Consultation results and new guidance on EHE to LAs
I'm very pleased to see that they clarify certain points which have caused problems between some home educators and their LAs, such as:
- "Parents are not required to register or seek approval from the local authority to educate their children at home";
- "Local authorities have no statutory duties in relation to monitoring the quality of home education on a routine basis";
- "The most obvious course of action if the local authority has information that makes it appear that parents are not providing a suitable education, would be to ask parents for further information about the education they are providing";
- "Section 175(1) [of the Education Act 2002] does not extend local authorities’ functions. It does not, for example, give local authorities powers to enter the homes of, or otherwise see, children for the purposes of monitoring the provision of elective home education";
- "Section 11 of the 2004 [Children] Act sets out the arrangements to safeguard and promote the welfare of children. However, this section does not place any additional duties or responsibilities on local authorities over and above section 175(1) of the Education Act 2002";
- "Local authorities should organise training on the law and home education methods for all their officers who have contact with home educating families";
- "Where a parent elects not to allow access to their home or their child, this does not of itself constitute a ground for concern about the education provision being made";
- "Home educating parents are not required to: ... provide a broad and balanced education .. [or] reproduce school type peer group socialisation"; and
- "It should be appreciated that parents and their children might require a period of adjustment before finding their preferred mode of learning and that families may change their approach over time."

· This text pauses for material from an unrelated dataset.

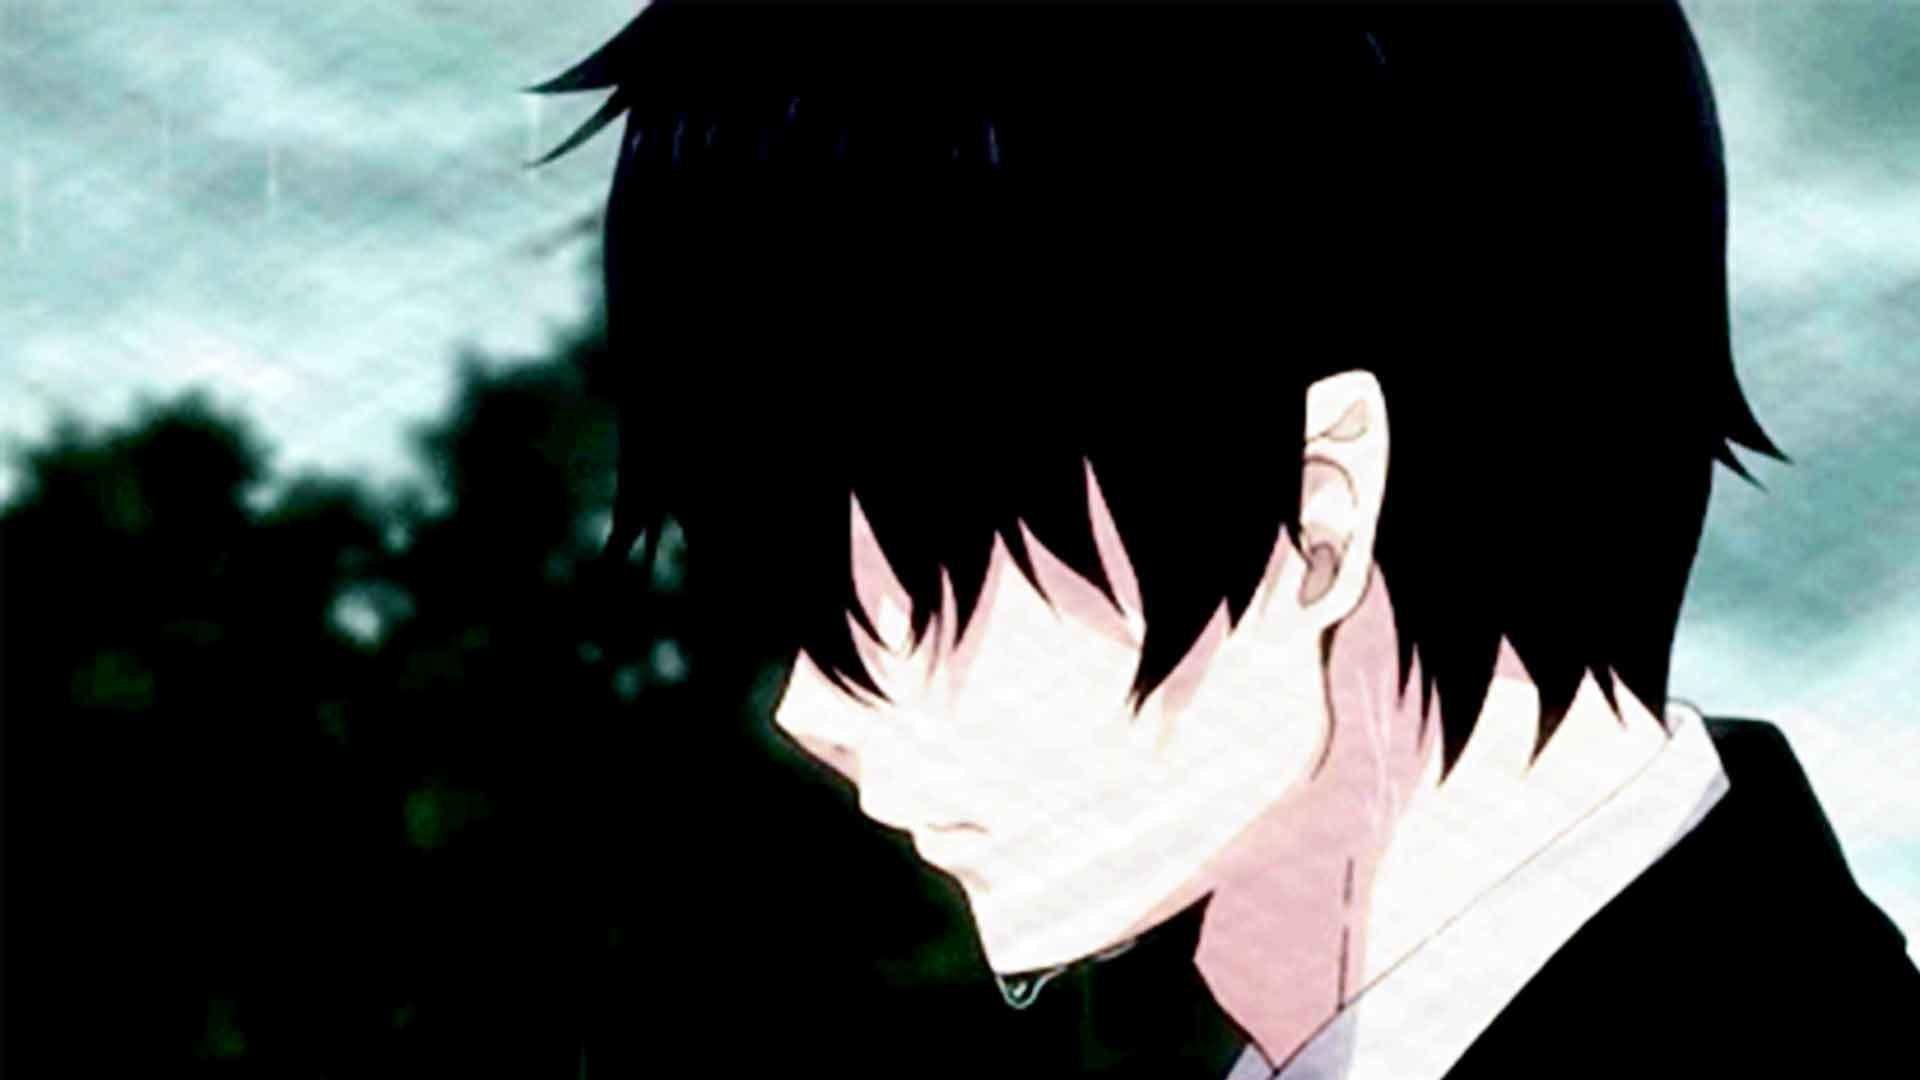 Sad Anime Wallpapers  C B E  A Wallpapertag

There are one or two points about which I'm less happy, for example:
3.11 Local authorities should bear in mind that, in the early stages, parents’ plans may not be detailed and they may not yet be in a position to demonstrate all the characteristics of an “efficient and suitable” educational provision. In such cases, a reasonable timescale should be agreed for the parents to develop their provision.
- which seems to make an automatic blanket assumption that local authorities will have information that makes it appear that the parents of recently deregistered children are not providing a suitable education in order for them to be seeking to agree a reasonable timescale for the supply of information about the provision; and at the end of section 3.6:
Parents might prefer, for example, to write a report, provide samples of work, have their educational provision endorsed by a third party (such as an independent home tutor) or provide evidence in some other appropriate form
- which term (appropriate form) just might encourage some authorities to imagine themselves to be the arbiters of such appropriateness.
But on the whole the guidelines seem sensible and sympathetic to the postcode lottery position to which EHE has previously been subject and appear to be a victory for civil liberty over the tyranny of some self-styled Home Education Inspectors - who will be duly outraged by them, I suspect.
So I'm relieved by this outcome and grateful to everyone who made efforts towards achieving it, but the price of freedom being eternal vigilence I see it as being a battle won, not the war.
When every parent and every child in the UK has a real, informed choice about whether and how to make use of state schooling, that will be a state of affairs to thoroughly celebrate.